/SnakeGym

Multi agent gym environment based on the classic Snake game with implementations of various reinforcement learning algorithms in pytorch

Primary LanguagePythonMIT LicenseMIT

SnakeGym

Gym environment based on the classic Snake game. Based on PyTorch and supports parallel data collection from each core of your CPU.

Foreword

I have made this project as modular as possible, allowing easy adjustments to network architecture, learning algorithm, and even for quickly switching from one Gym environment to another.

Contents

  1. Setup Instructions and Dependencies
  2. Training Agents
  3. Testing Agents
  4. Repository Overview

1. Setup Instructions and Dependencies

You may setup the repository on your local machine by either downloading it or running the following line on terminal.

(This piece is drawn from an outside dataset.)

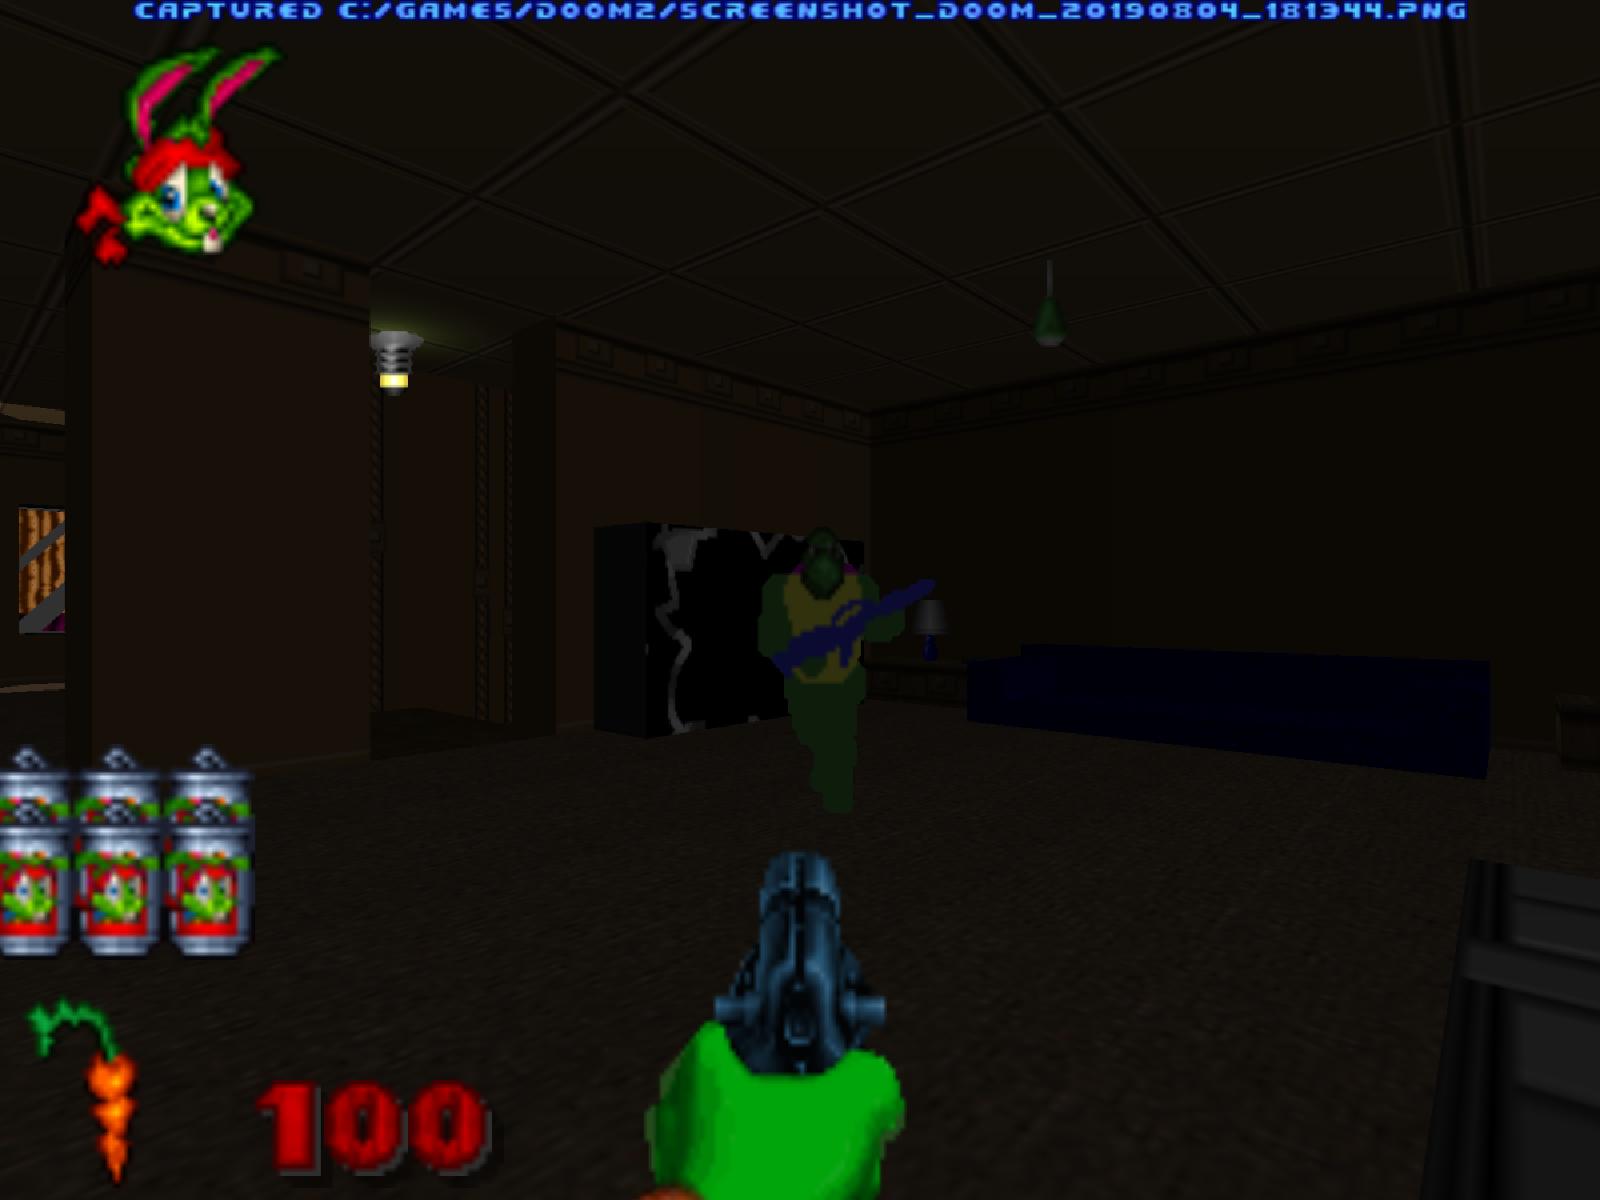 Screenshot_Doom_20190804_181347.png

git clone https://github.com/Atharv24/SnakeGym.git

All dependencies required by this repo are listed in requirements.txt. You can install them manually or setup a virtual environment with PyTorch and running

pip install -r requirements.txt

Make sure to install latest CUDA and cuDNN if you want to use GPU acceleration.

2. Training Agents

To train your agent from scratch

  • Setup your parameters in a config file and move it to configs folder.
  • Run the following command in terminal
python train.py -config name_of_config

For example :

python train.py -config Default_SP

Will start training with the default parameters set by me.

  • Data for each agent will be stored in agents folder.
  • Network and optimizer weights will be saved whenever the agent is evaluated. You can set this frequency with TEST_FREQ parameter in the config file.
  • To resume training from last saved checkpoint, add --resume in terminal.
python train.py -config myConfig --resume
  • For more efficient data collection, increase the NUM_ENVS parameter in the config file. (Using more cores than what your CPU has will throw an error)
  • The RENDER_TRAINING and RENDER_TESTING parameters are self explanatory. Note that disabling rendering will lead to faster data collection and hence faster training.
  • You can also set the RENDER_WAIT_TIME to your need. Increasing this parameter will reduce the FPS and vice-versa.
  • TensorboardX logs can be found in the logs subdirectory in your agent's folder.
  • The training will conclude when the agent reaches the TARGET_REWARD in 4 out of 5 test games.

3. Testing Agents

To test a trained agent run

python test.py -agent_name AGENT_NAME -num_games N

For example

python test.py -agent_name Default_SP -num_games 10
  • The -num_games parameter is optional and will default to 5 if not provided.
  • At the end of testing scores for each game will be printed in the terminal.

4. Repository Overview

  • agents: Folder containing data for each agent.

    Each agent folder contains:

    • logs: TensorboardX logs containing the critic and actor losses, action space entropy and agent advantage estimates.
    • saved_models: Network and optimizer weights saved in *.pt format for testing/resuming training.
    • config.ini: The same configuration file used for training.
  • configs: Folder containing configuration files in *.ini format.

  • lib: Folder containing scripts used for training and testing.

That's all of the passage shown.